EPA has for some time had a general policy that it will try to develop and to implement alternatives to in vivo animal testing.  These alternatives to animal testing are typically based on new in vitro assays and modeling methodologies.  It is interesting that OPP has selected an in vitro NAM to assess developmental neurotoxicity of OP pesticides as a case study, given the controversy surrounding EPA’s use of the default Food Quality Protection Act (FQPA) uncertainty factor for all OP pesticides, which was based primarily on epidemiology data that EPA claimed may suggest a link between chlorpyrifos exposure and developmental neurotoxicity.  Prior to this determination, human health risk assessment for OP pesticides was generally based on expert judgments by EPA that neurotoxicity would not be expected below the established threshold for acetylcholinesterase (AChE) inhibition, and that infants and children are not likely to be more sensitive to neurotoxic effects than adults.  OPP adopted the FQPA determination for all OP pesticides even though it could not determine or propose a mechanism for the presumed developmental neurotoxicity of chlorpyrifos below the threshold for AChE inhibition, or evaluate whether other OP pesticides might share a similar mechanism.  Since the 2015 release of the Literature Review, additional epidemiology studies have become available and a number of concerns regarding the reliability of the epidemiology data have been raised.  EPA has also expressed concerns with the availability and reliability of the epidemiology studies.  These developments bring into question the accuracy and reliability of the Literature Review.

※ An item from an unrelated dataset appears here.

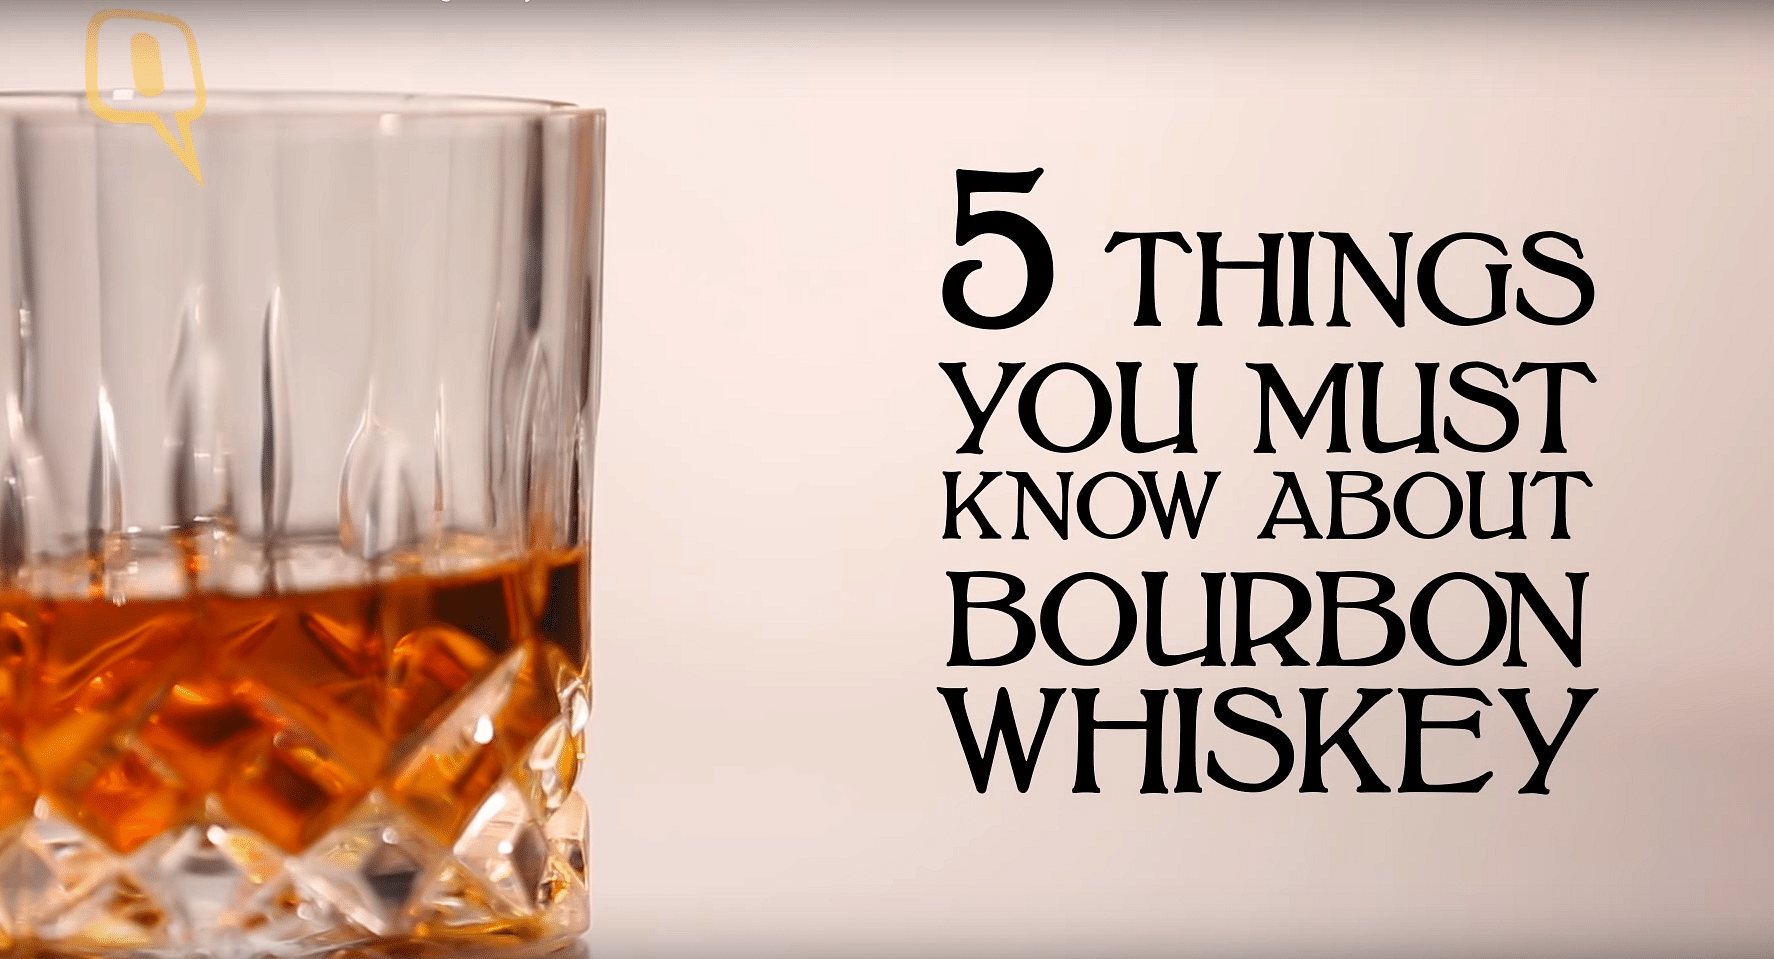 All bourbon is whiskey but not all whiskey is bourbon. (Photo: <b>The Quint</b>)

In its announcement, OPP states that the new NAM is intended “to reduce potentially reliance on default risk assessment uncertainty factors,” although it does not state which uncertainty factors may be supplanted or modified.  Standard uncertainty factors which may be implicated include the factor for extrapolating from animal data to human effects (“interspecies variation”), the factor for human variability (“intraspecies variation”), and the default uncertainty factor for potential increased sensitivity of infants and children (“FQPA uncertainty factor”).  The issues may spark additional controversy.  Additionally, even if OPP and the FIFRA SAP conclude that the proposed NAM for developmental neurotoxicity is a viable approach to human health risk assessment for OP pesticides, there are likely to be many related policy issues.  For example, it is unclear whether OPP would be sufficiently confident in the reliability of such an assay to propose cancellation or suspension of affected pesticide products based on a resultant human health risk assessment.